Nonetheless, how the 11th Circuit would come down in Androgel was far from a foregone conclusion. The court had not confronted reverse payment settlement agreements since 2005, and the FTC had cause for optimism that the court’s thinking may have changed, in light of some significant changes since then.

Those changed circumstances were recognized by the 2nd Circuit in 2010 in a similar case, In re Ciprofloxacin Hydrochloride Antitrust Litigation, when a panel affirmed the dismissal of claims based on reverse payment settlements, but made clear that it was doing so only because it was bound by precedent, and took the highly unusual steps of not only urging the full court to review the case en banc, but arguing why the court’s prior decision, In re Tamoxifen Citrate Antitrust Litigation, 466 F.3d 187 (2d Cir. 2006), was flat wrong and dangerous. In the end, however, the full court did not vote to rehear the Cipro case en banc. Judge Rosemary Pooler dissented with an opinion, in which she said that prior to Tamoxifen reverse payment settlements were rare, because everyone thought it obvious that they ran afoul of the antitrust laws, but Tamoxifen had opened the floodgates, making them a fixture in the pharmaceutical market, driving up prices.

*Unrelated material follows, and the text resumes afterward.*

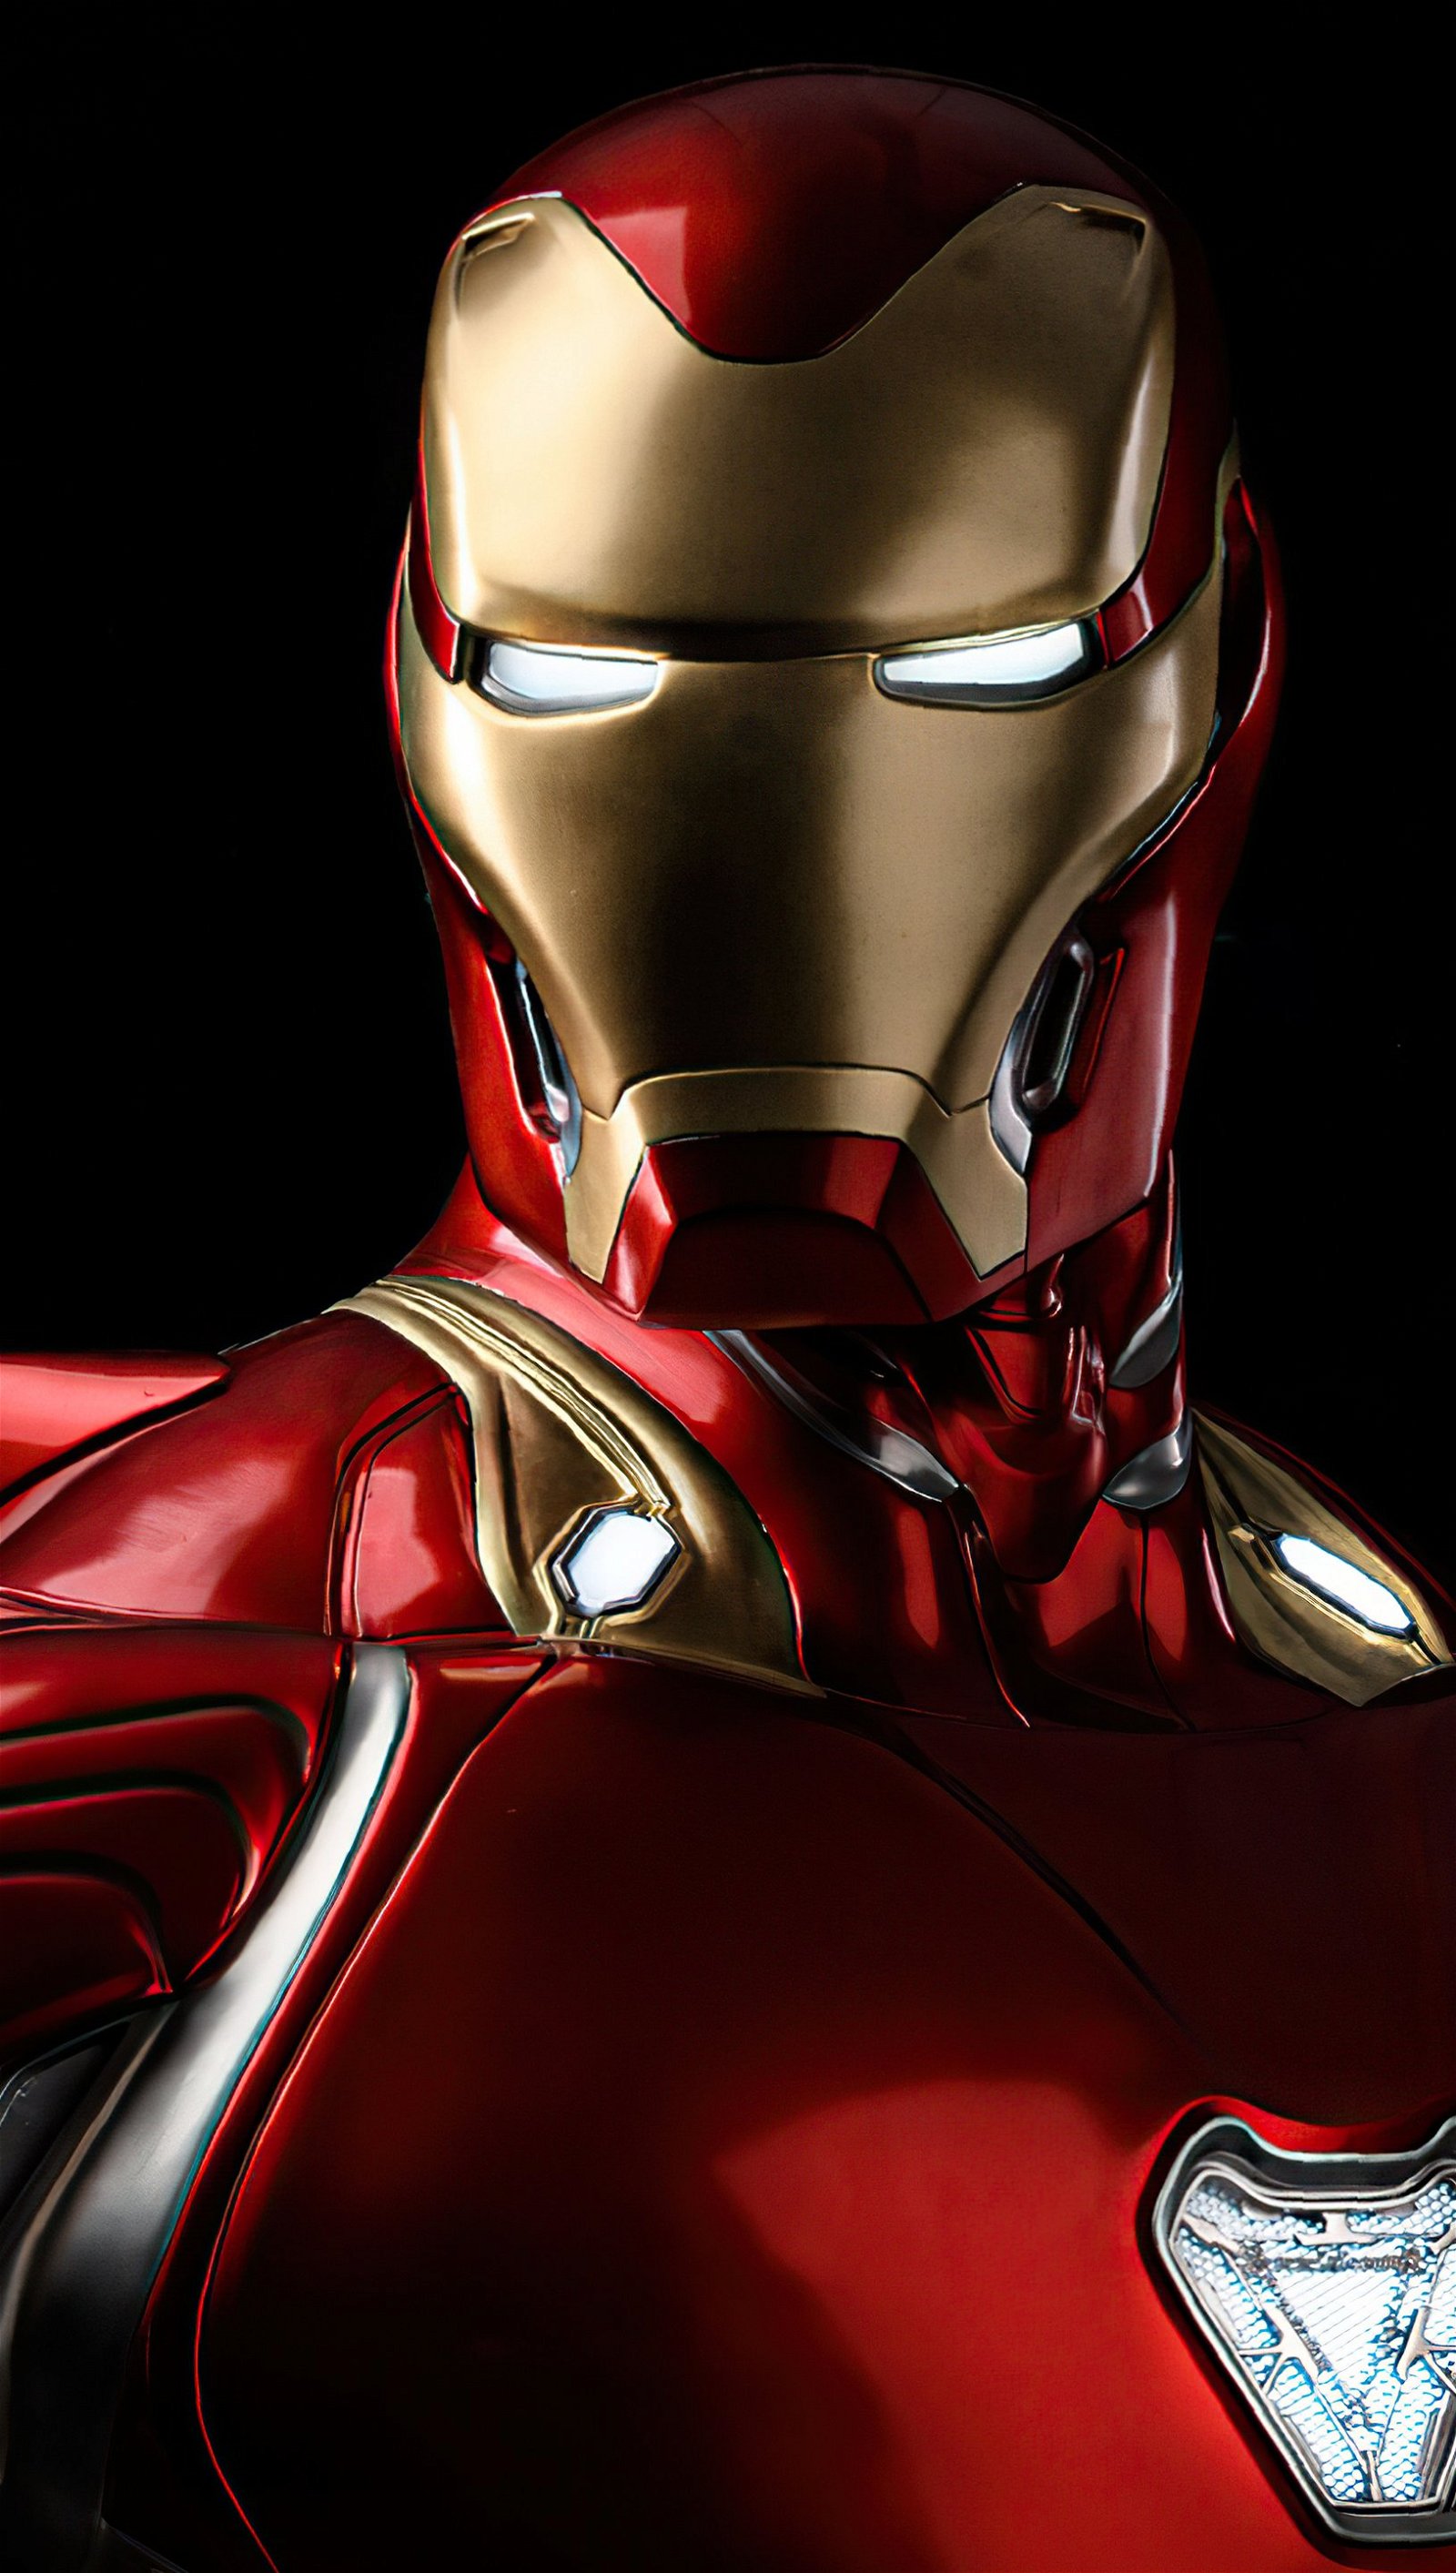 Iron man glowing eyes

So many in the antitrust community had been anxiously waiting to see whether the 11th Circuit might be swayed to depart from its earlier decisions based on the considerations that so were so prominent in Cipro. Ultimately, however, the court did just the opposite, decisively re-affirming the validity of its precedent without reservation. Indeed, the decision may have narrowed the circumstances in which a reverse payment settlement can run afoul of the antitrust laws. The portion of the analysis in Androgel in which the 11th Circuit said it is impracticable for courts to look back to the patent litigation being settled to examine whether the patent holder was likely to prevail could be interpreted to eliminate the frivolous enforcement exception. Determining whether the patent enforcement litigation was frivolous requires the courts to conduct the same type of inquiry into the merits of the suit resolved by the reverse payment settlement.

Finally, there was also one more closure-related development in late April from the 3rd DCA, as Judge Juan Ramirez, who had served on that court for more than 12 years, stepped down to open the Miami office of JAMS, a prominent California-based mediation firm. Judge Ramirez’s presence on the court will surely be missed, but we wish him much success in his new endeavor. And even though Judge Ramirez won’t be writing 3rd DCA opinions anymore, he is writing about 3rd DCA (and other appellate court) decisions on the blog he recently started, called Florida Law Update.